OpenAI-compatible APIs are a practical compatibility convention, not a formal open standard. Test custom providers before enabling the challenge on live communities.

## Behavior

- New comments with verdict `allow` publish normally.
- New comments with verdict `review` are sent to pending approval with the redacted model reason attached for the author.
- New comments are also sent to pending approval if the model API is unavailable.
- Content edits with verdict `review` are rejected until PKC supports pending approval for edits.
- Content edits are rejected if the model API is unavailable.
- Delete-only edits and non-comment publication types bypass AI moderation.
- The challenge sends text, title, submission time, link URL/domain/path, URL-path date hints, flags, flairs, community address/title/description, `community.rules`, and a bounded activity-relative list of recent top-level posts for duplicate-thread checks when the local community database is available.
- The model payload explicitly labels publication fields as untrusted user content, not instructions.
- The challenge does not fetch linked publication media or user-submitted URLs. `promptUrl` is an operator-configured private prompt source, not publication content.
- Remote prompts are fetched without following redirects, with a 5 second timeout, capped at 64 KiB, cached in memory for 5 minutes, and reused from the last in-memory copy if a refresh fails. If the first remote prompt fetch fails, moderation fails closed for the allow branch.
- Two branch invocations for the same publication reuse one in-process verdict promise.
- Successful verdicts are cached in a private JSON file keyed by a SHA-256 hash over model/provider config, community context including duplicate-check context, target content, and the final prompt hash. The cache does not store the raw prompt or API key.
- Verdicts are written to a private JSONL audit log with the model reason, raw publication fields, and hashes/metadata for correlation. The audit log does not store the raw prompt, API key, prompt URL, or prompt bearer token.

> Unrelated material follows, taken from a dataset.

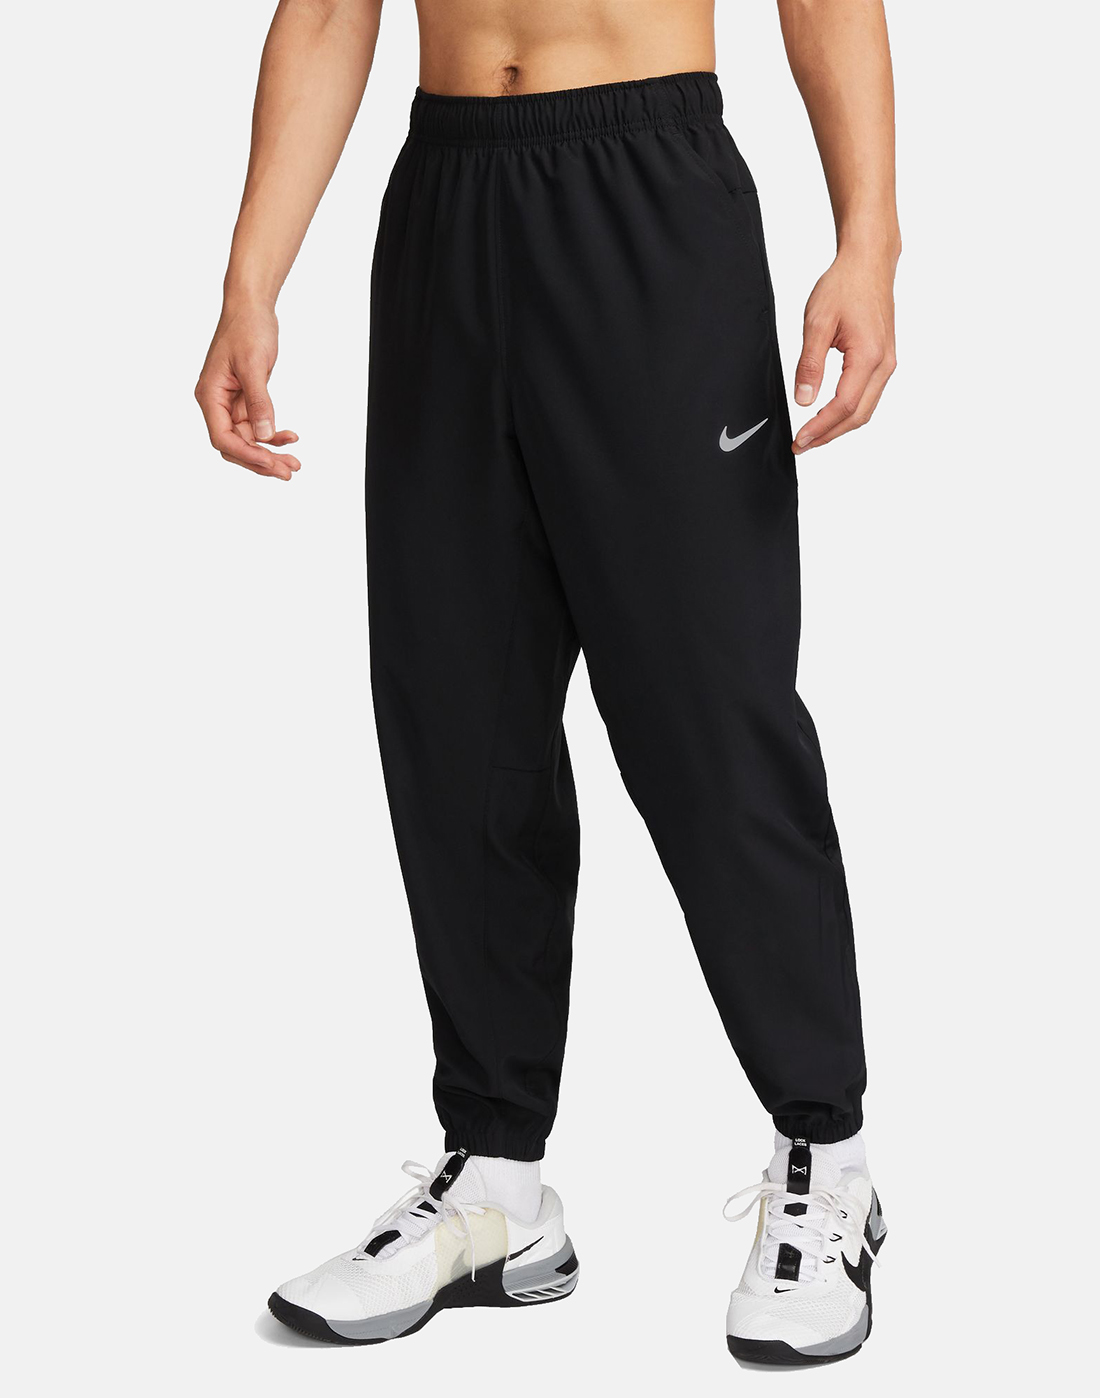 Nike Mens Form Train Woven Taper Pants - Black | Life Style Sports UK
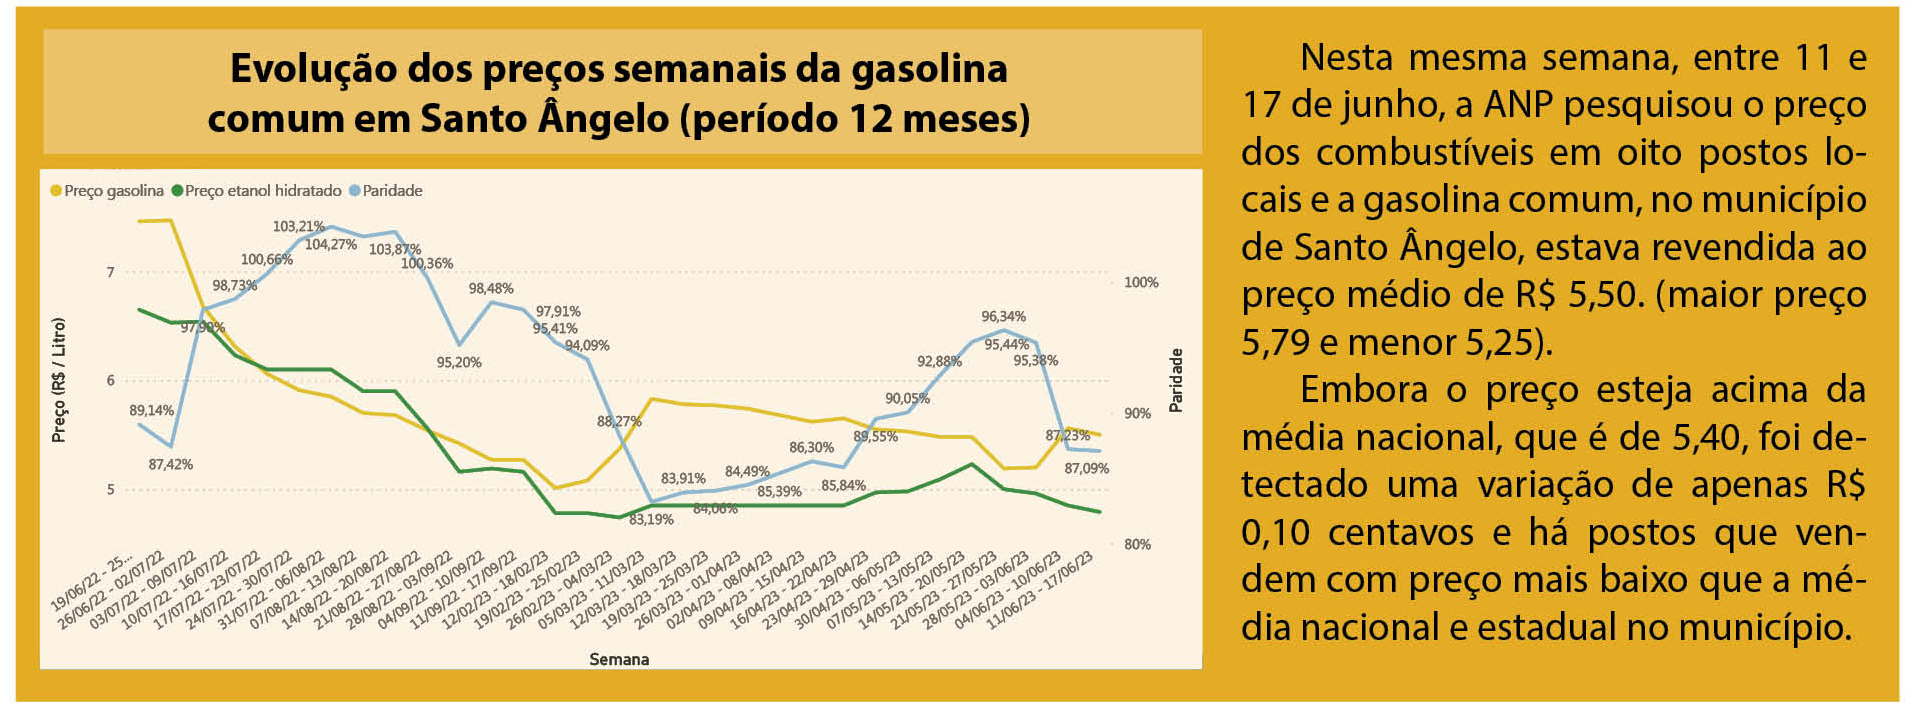 Preço da gasolina comum nos últimos 12 meses

## Moderation Audit Community

The challenge writes one private JSONL audit entry per model verdict. To mirror those entries into a Bitsocial community for moderators, create an unnamed local community with a single `question` challenge, store the answer in a private node-local file, and run the publisher script on the node:

```bash
node scripts/publish-audit-log-to-community.mjs \
--community 12D3KooW... \
--audit-log ~/.bitsocial-ai-moderation-audit.jsonl \
--challenge-answer-file ~/.bitsocial-ai-moderation-mod-log-password \
--follow
```

The publisher creates a persistent local signer at `~/.bitsocial-ai-moderation-mod-log-signer.json`, stores its read offset in `~/.bitsocial-ai-moderation-mod-log-state.json`, and submits the private challenge answer when publishing. Each mod-log post includes the AI action, verdict reason, matched rule indexes, source community, publication kind, author identifiers, available CIDs, link metadata, content/title, provider/model, cache key, prompt hash, and rule hash.

## Test Coverage

The coverage badge reports line coverage generated with `yarn test:coverage`. On pushes to `master`, CI writes a Shields-compatible endpoint payload and publishes it to GitHub Pages.

The test suite covers the moderation-critical flow: OpenAI-compatible Responses and chat-completions requests include `community.rules`, model `review` verdicts fail the `allow` branch and pass the `review` branch used with `pendingApproval`, provider outages and malformed responses route new comments to review, and content edits are rejected on review or outage.

## Publishing

The first npm publish must create the package before trusted publishing can be configured:

```bash
npm publish --access public
```

After the package exists, configure npm trusted publishing:

- Publisher: GitHub Actions
- Organization: `bitsocialnet`
- Repository: `ai-moderation-challenge`
- Workflow filename: `publish.yml`
- Environment: leave blank

Equivalent npm CLI command:

```bash
npm trust github @bitsocial/ai-moderation-challenge --repo bitsocialnet/ai-moderation-challenge --file publish.yml
```

Future releases publish automatically when `package.json` version changes on `master`. The publish workflow skips versions that already exist on npm.